Open deepak-hl opened 1 month ago
@unclecode I am new on crawl4ai, please help me as I want text in chunks from the crawler.run, so to further use these text in storing embeddings, how can I?
@deepak-hl thx fot using Crawl4Ai, I take a look at your code by tomorrow and definitely update you soon 🤓
@unclecode thank you !!
@unclecode can i crawl all the content from its sub urls by providing only its base url in crawl4ai, if yes then how?

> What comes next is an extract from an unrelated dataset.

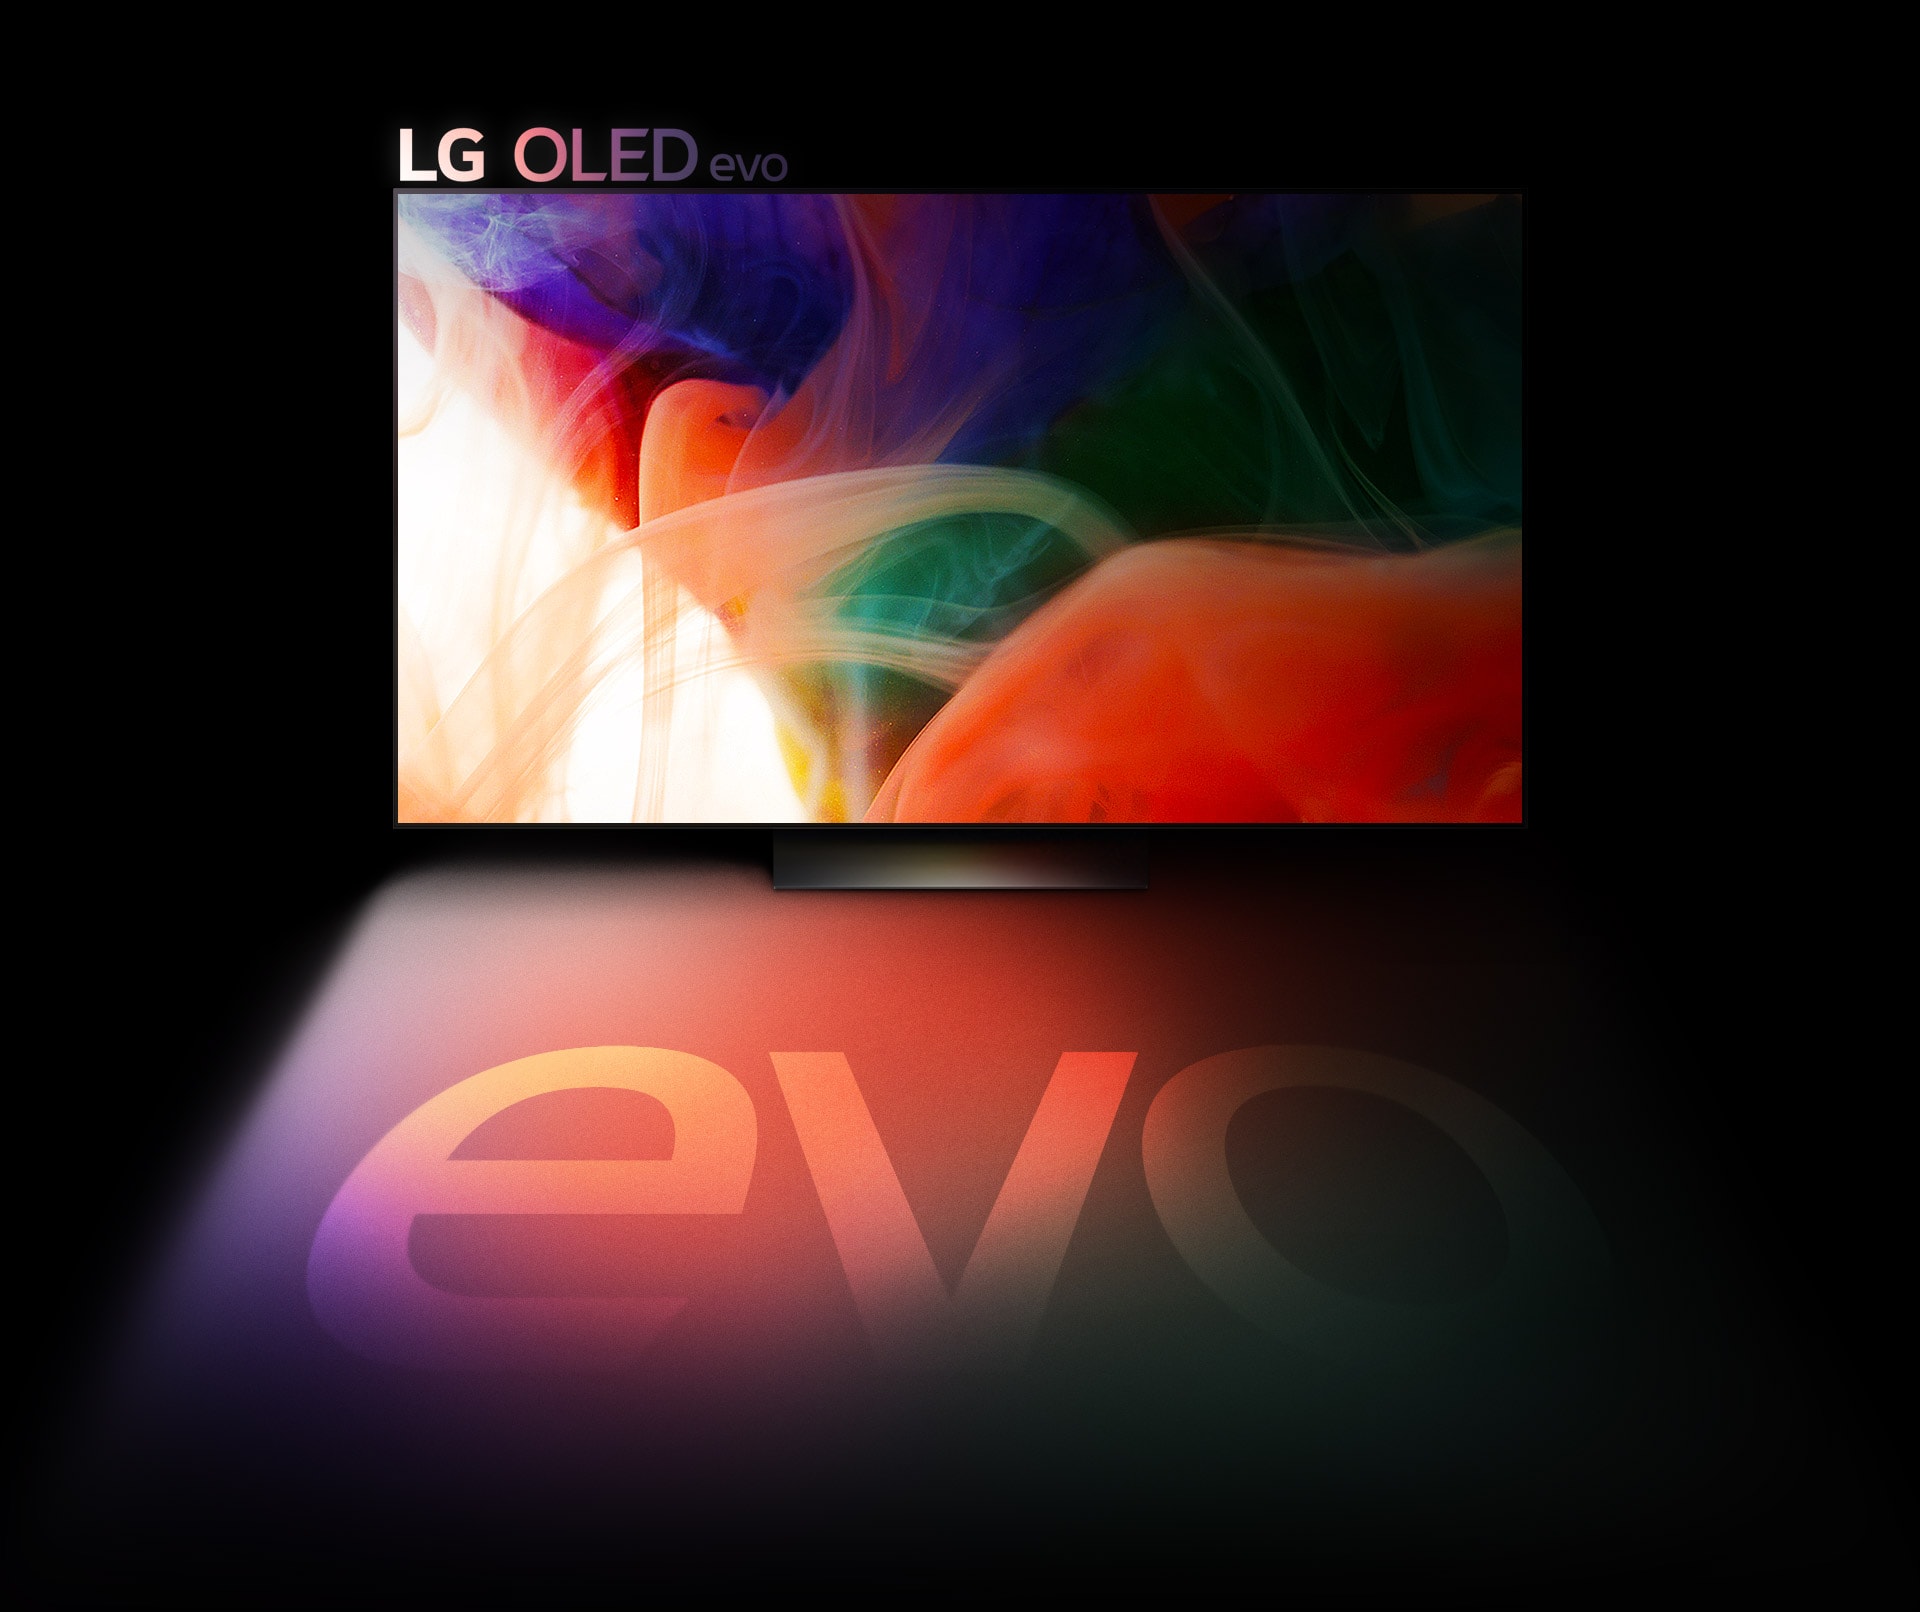 在 LG OLED 電視上顯示一張彩色的抽象圖片
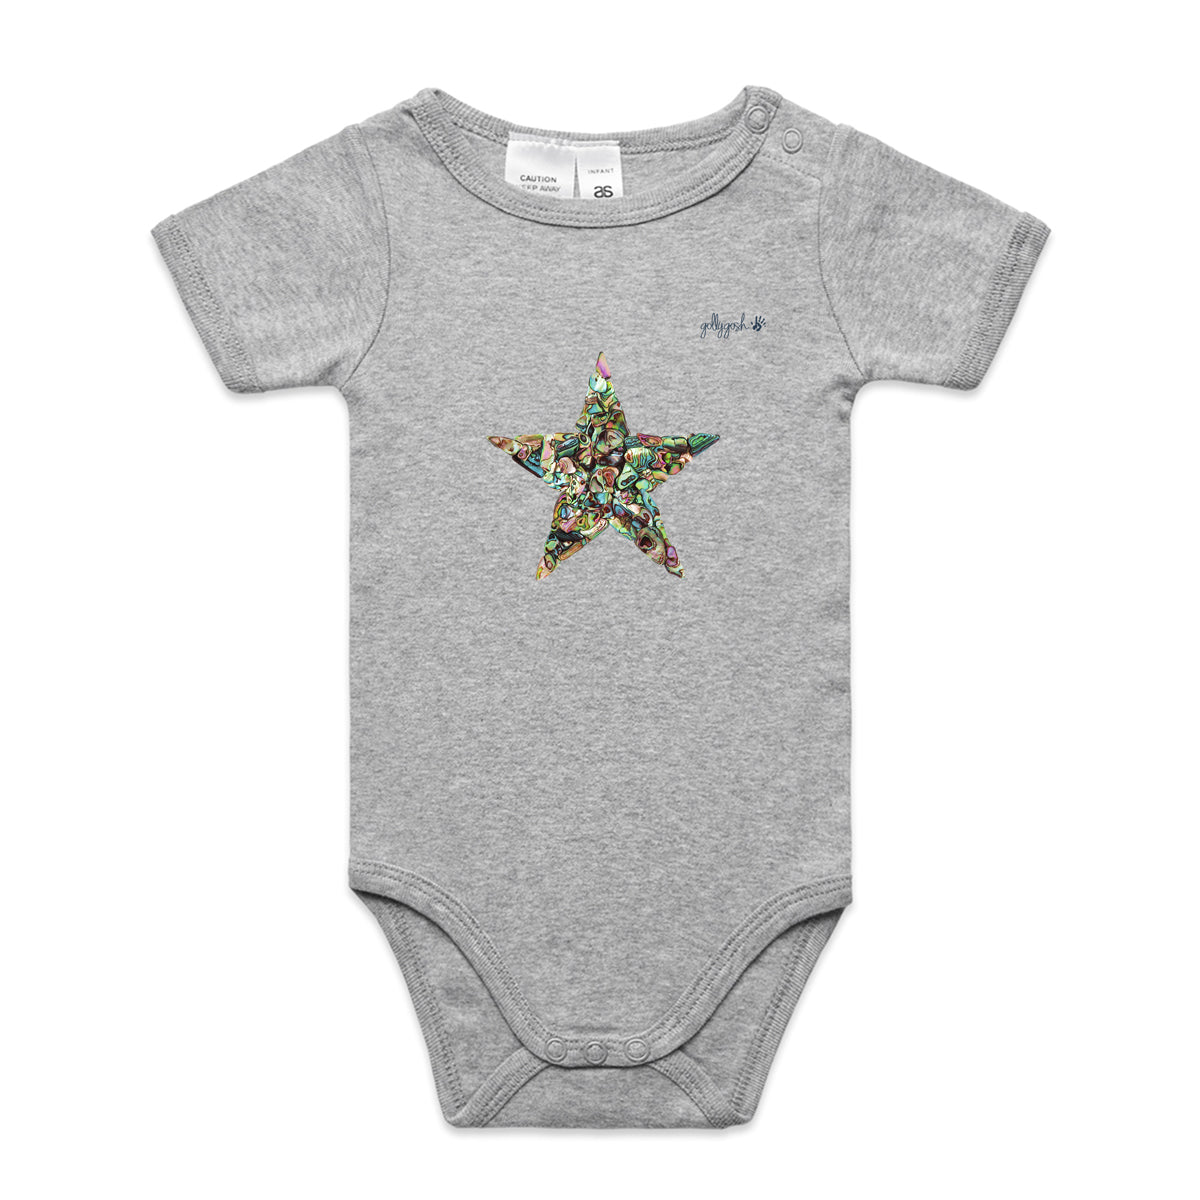 Paua Star - Infant Baby Grow

@deepak-hl Thank you for using Crawl4ai. Let me go through your questions one by one. The first is you're using the old version, the synchronous version. And I'm not going to support that because I moved everything to the asynchronous version. Here I share with you the code example that how it's properly you can combine all these together. In this example I'm building a knowledge graph from one of the Paul Graham essay.
class Entity(BaseModel):
name: str
description: str
class Relationship(BaseModel):
entity1: Entity
entity2: Entity
description: str
relation_type: str
class KnowledgeGraph(BaseModel):
entities: List[Entity]
relationships: List[Relationship]
async def main():
extraction_strategy = LLMExtractionStrategy(
provider='openai/gpt-4o-mini',
api_token=os.getenv('OPENAI_API_KEY'),
schema=KnowledgeGraph.model_json_schema(),
extraction_type="schema",
instruction="""Extract entities and relationships from the given text."""
)
async with AsyncWebCrawler() as crawler:
url = "https://paulgraham.com/love.html"
result = await crawler.arun(
url=url,
bypass_cache=True,
extraction_strategy=extraction_strategy,
chunking_strategy=OverlappingWindowChunking(window_size=2000, overlap=100),
# magic=True
)
# print(result.markdown[:500])
print(result.extracted_content)
with open(os.path.join(__data__, "kb.json"), "w") as f:
f.write(result.extracted_content)
print("Done")
if __name__ == "__main__":
asyncio.run(main())
Regarding your next question to pass one URL and get all the sub-urls which is scrapping, the good news is we are already working on it, and already it is under the testing. And within few weeks, we will release the scrapper as well next to crawler function. The scrapper will handle a graph search. You give a URL and you can define how many levels you want to go or all of it. Right now there is this function arun_many([urls]). After calling
crawlfunction the response has a property
links` contains all the internal and external links of the page. You use a queue data structure, add all the internal links, then start to crawl them again, and keep adding new internal links. This is just a temporary way that you can do that but wait for our scrapper to be ready.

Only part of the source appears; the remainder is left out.